What are the best options for Amazon SDEs thinking about leaving over RTO policy
Options for Amazon SDEs opposed to RTO
- Main concrete options discussed:
- Quietly job-hunt and leave for companies offering full-remote or flexible hybrid (startups, fintech, biotech, health-tech, some big-tech teams).
- Accept lower pay in exchange for lower stress and strong WFH flexibility; several anecdotes of 30–50% pay cuts with no regrets.
- Stay, comply with RTO for now, and leave later when the job market improves.
- Stay remote in practice until forced out, while lining up alternatives, accepting risk of being fired for cause and delayed unemployment.
Debate over slacking, severance, and integrity
- Some report a common “MO”: deliberately underperform until placed on PIP/Focus, collect payout, and exit.
- Others find that incompatible with personal integrity, even for a company they see as lacking it.
- Counter-arguments:
- Employment is a business transaction; don’t extend moral concern to corporations that would fire you instantly.
- However, chronic underperformance harms coworkers and customers more than “the company,” so integrity still matters.
- A minority view argues that being a “good employee” at an abusive employer props up bad policies; employees may even have a duty to resist through non-cooperation.
Legal and regional aspects of WFH
- Conflicting claims about legal rights:
- In some European countries there is at least a formal right to request flexible work, with employers needing “reasonable” justification to refuse, though this is described as often toothless.
- Specific disagreement over whether there is any true legal “right to work from home” in places like Germany and the Netherlands; most conclude it does not exist as a blanket right.
- Anecdotes from the Netherlands and elsewhere show wide variation: from full-time mandatory onsite (even for freelancers) to team-decided schedules with mostly WFH.
Unionization and collective leverage
- Several propose unionizing Amazon tech workers and using strikes (e.g., disrupting AWS) to resist RTO.
- Obstacles discussed:
- Immigration status tied to employment reduces willingness to strike.

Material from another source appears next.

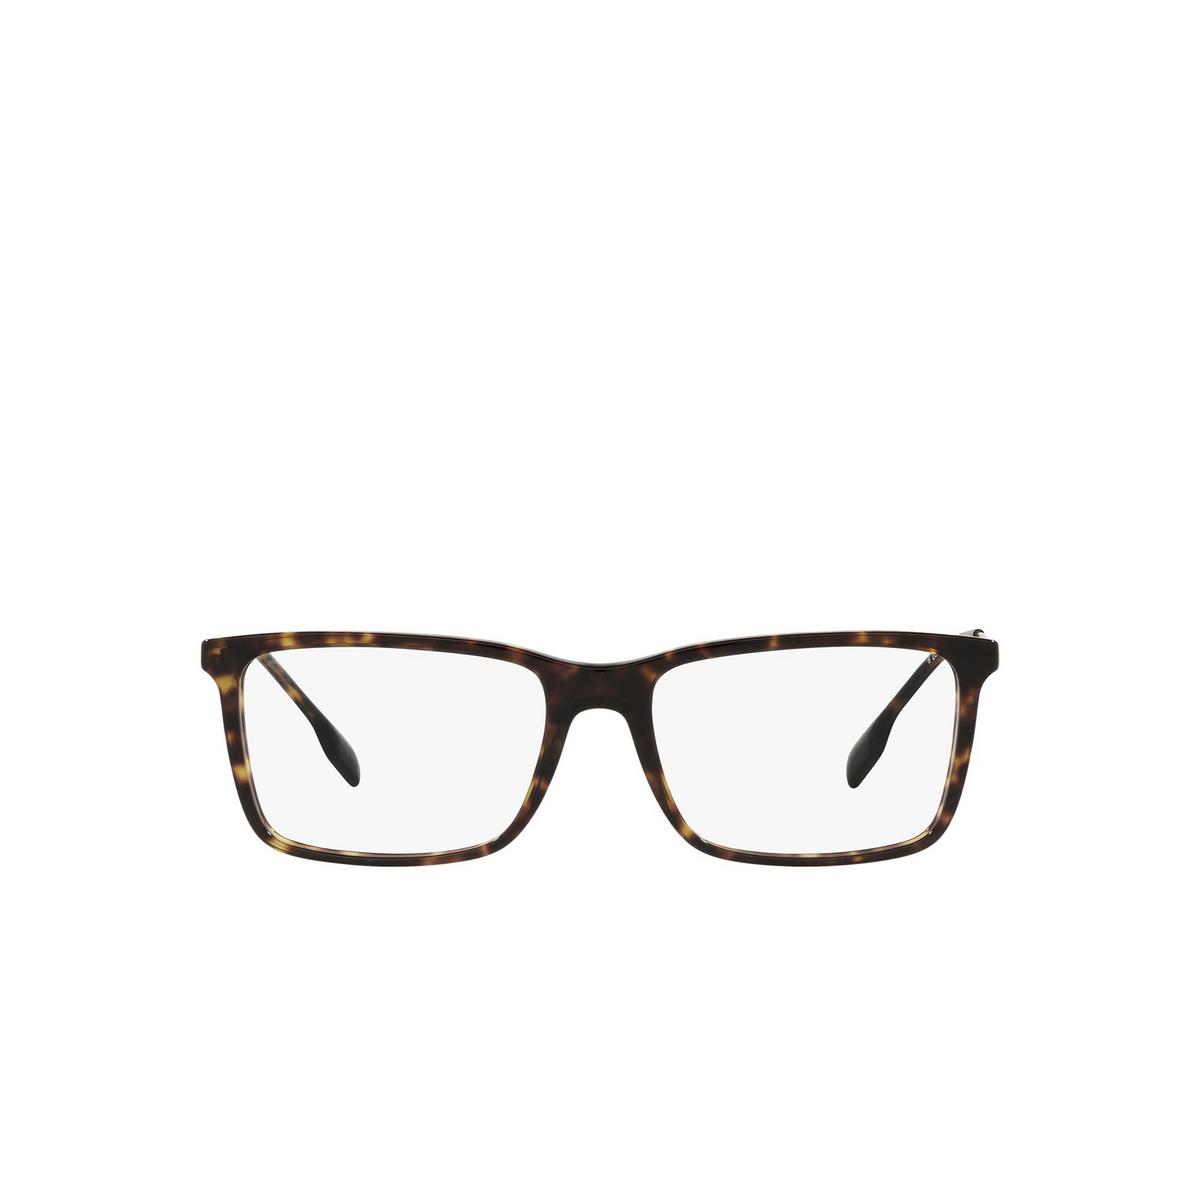 Burberry® Rectangle Eyeglasses: Harrington BE2339 color Dark Havana 3002 - front view.

- Amazon’s aggressive anti-union tactics, including surveillance, external union-busting firms, and alleged retaliation.
- Higher-paid engineers may feel well-compensated and be less motivated to unionize.
RTO vs WFH: lifestyle, costs, and expectations
- Many restructured their lives around long-term remote/hybrid (moving farther out, buying homes, childcare patterns) and now cannot easily return to full-time office.
- Disagreement on responsibility:
- One side: employers never guaranteed permanent WFH; employees who assumed that took a personal risk.
- Other side: WFH is a major quality-of-life and environmental benefit and should be treated like a labor right, not a perk to be unilaterally revoked.
- Commute is framed by some as a substantial hidden cost: lost time, accident risk, and CO₂, comparable in impact to serious health risks.
- A minority suggests “try 5 days and see if you like it” and possibly leverage the exodus to get promoted; others call that unrealistic when it implies “uprooting your whole life.”
Startups and alternative career paths
- Startups are repeatedly suggested: more remote-friendly, more ownership, broader impact per engineer.
- Skepticism about joining idea-only nontechnical founders for equity; several suggest building one’s own SaaS or treating side projects as long-term bets while keeping a stable job.
- Overall sentiment: Amazon brand helps in the market, but that advantage may decay as many SDEs exit simultaneously.